Nel 2013, però, ecco arrivare un colpo di scena: Steve Howe, impegnato anche sul fronte degli Yes, decide di lasciare amichevolmente i suoi compari, e, dunque, nella storia degli Asia si affaccia il giovane Sam Coulson. Sam ha iniziato ad esprimersi nel mondo della musica postando i propri video su Youtube, facendosi così notare da virtuosi come Paul Gilbert e bluesman come Walter Trout. Quando gli Asia si rivolgono ad alcuni grandi nomi della chitarra per sostituire Howe, molti fanno loro proprio il nome di Coulson.
Giunge ora, per la nuova line-up, il momento di esordire in studio (dal vivo il quartetto new style ha già avuto modo di essere testato), con un nuovo lavoro, dal titolo “Gravitas”, come al solito licenziato da Frontiers Records.

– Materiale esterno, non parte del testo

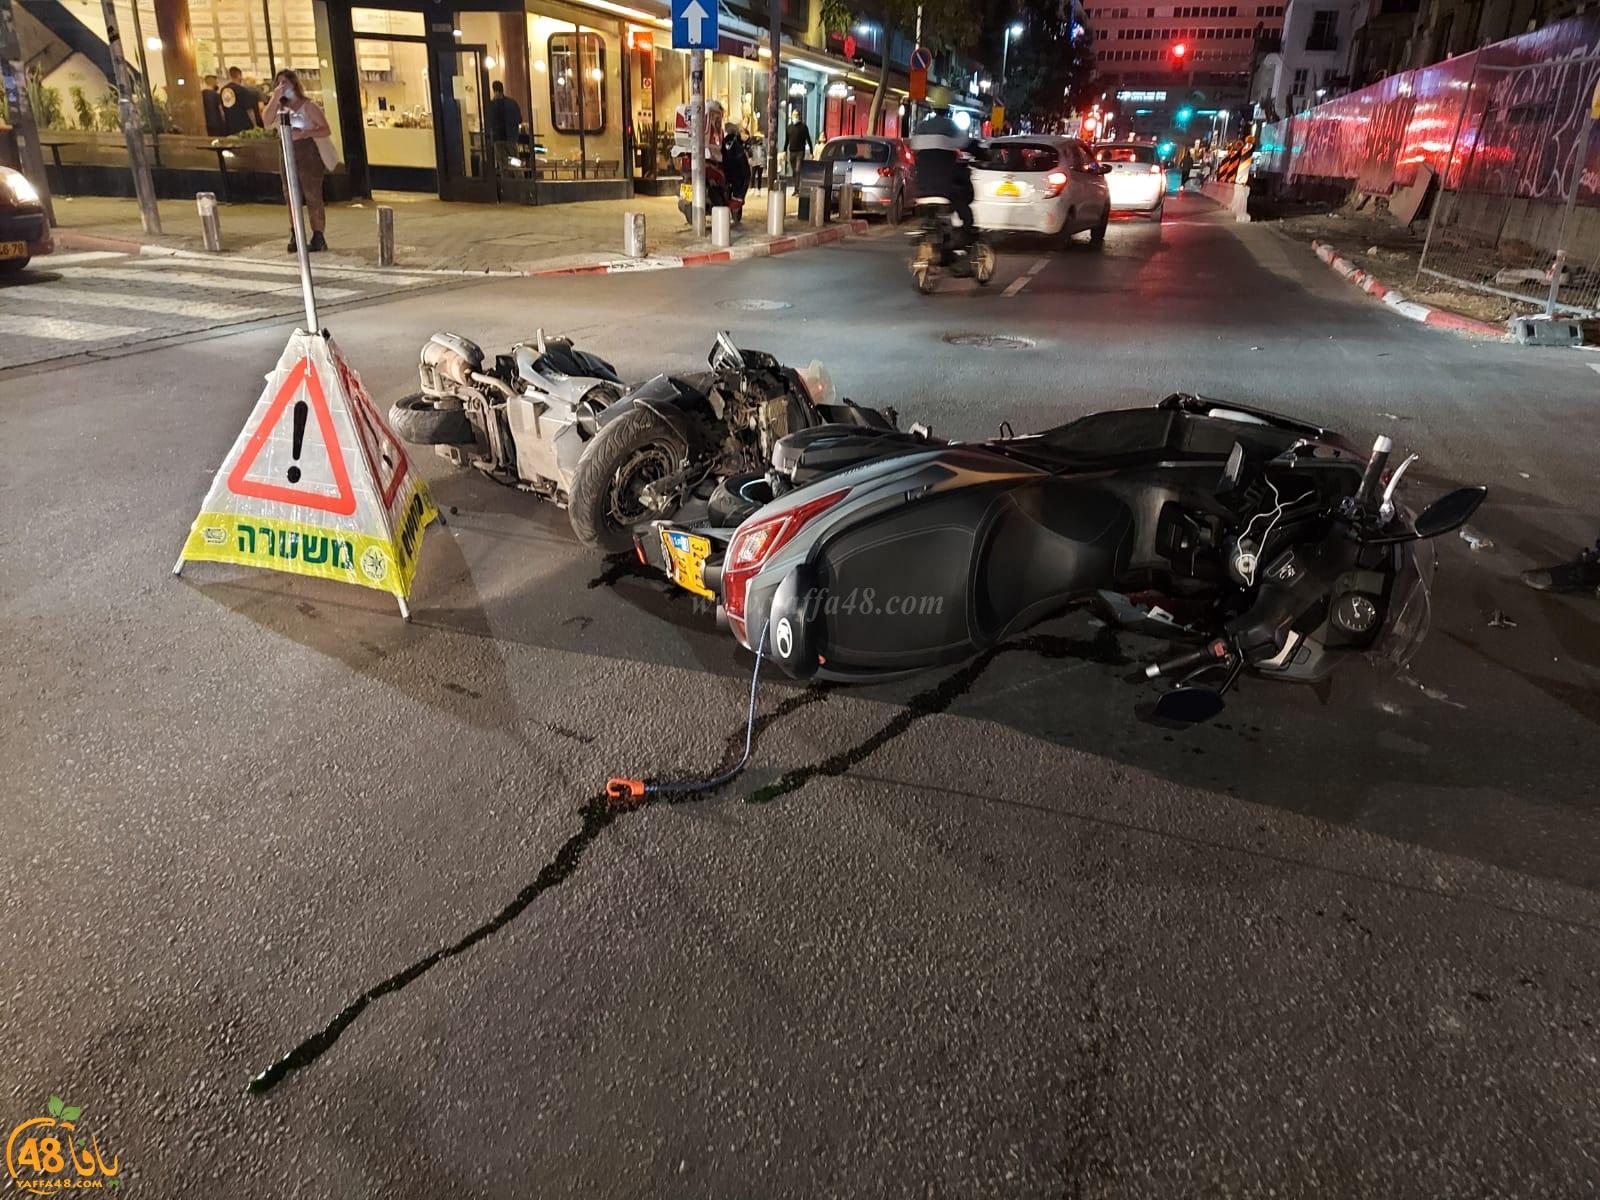 صور: إصابتان في حادث طرق بين درّاجتين ناريّتين ومركبة شرق يافا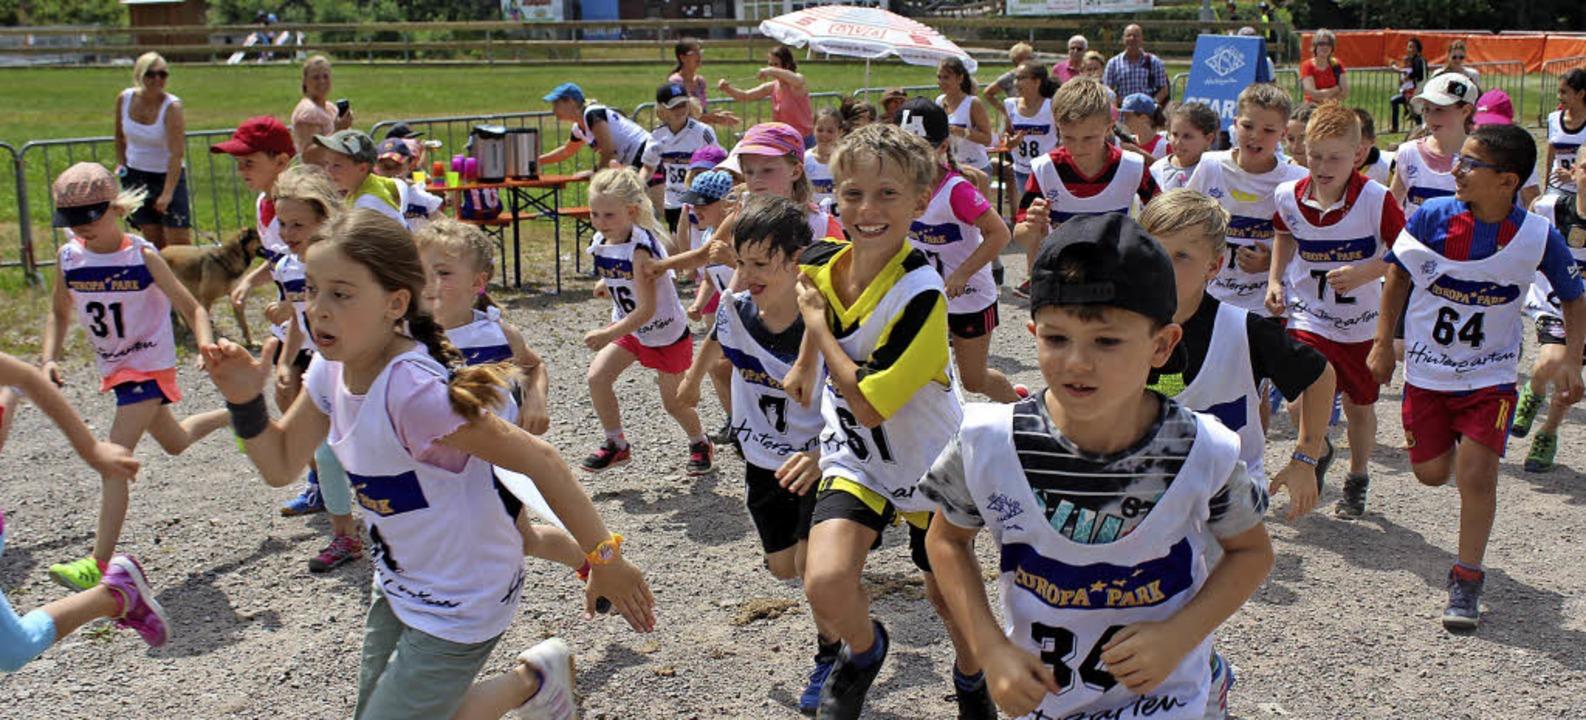 Voller Einsatz für die gute Sache: Mädchen und Jungen auf der Strecke   | Foto: Dieter Maurer

Rassicurato dallo stile inconfondibile della consueta, magnifica copertina del grande Roger Dean, l’ascoltatore trova subito motivo di ulteriore conforto nell’opener Valkyrie, evocativa, epica, improntata sulla magnifica voce di Wetton e sulle tastiere. Queste ultime appaiono da subito aver conquistato un nuovo vantaggio nell’economia sonora del gruppo, benché la chitarra si affacci qui per la prima volta con un assolo lucente e funzionale. Ancora i tasti d’avorio si levano in posizione dominante in Gravitas, prog-rock dall’introduzione atmosferica di tastiere che poi diventa un midtempo sempre signoreggiato da Geoff Downes; anche qui l’ascia, a parte alcuni riff qua e là, è esiliata nel finale. The Closer I Get To You, successivamente, si mostra quale ballata elegante, con tastiere e voce sugli scudi. Dopo questo inizio convincente, il livello compositivo e la tensione del full-length si abbassano con i due brani successivi: si tratta di Nyctophobia, un pop-rock molto british di esasperante ripetitività che ha almeno il pregio di interrompere (ma non troppo) le atmosfere incantate fin qui prevalenti, e di Russian Dolls, in cui si mette in evidenza una sei-corde acustica che contrassegna un brano soffuso e nostalgico.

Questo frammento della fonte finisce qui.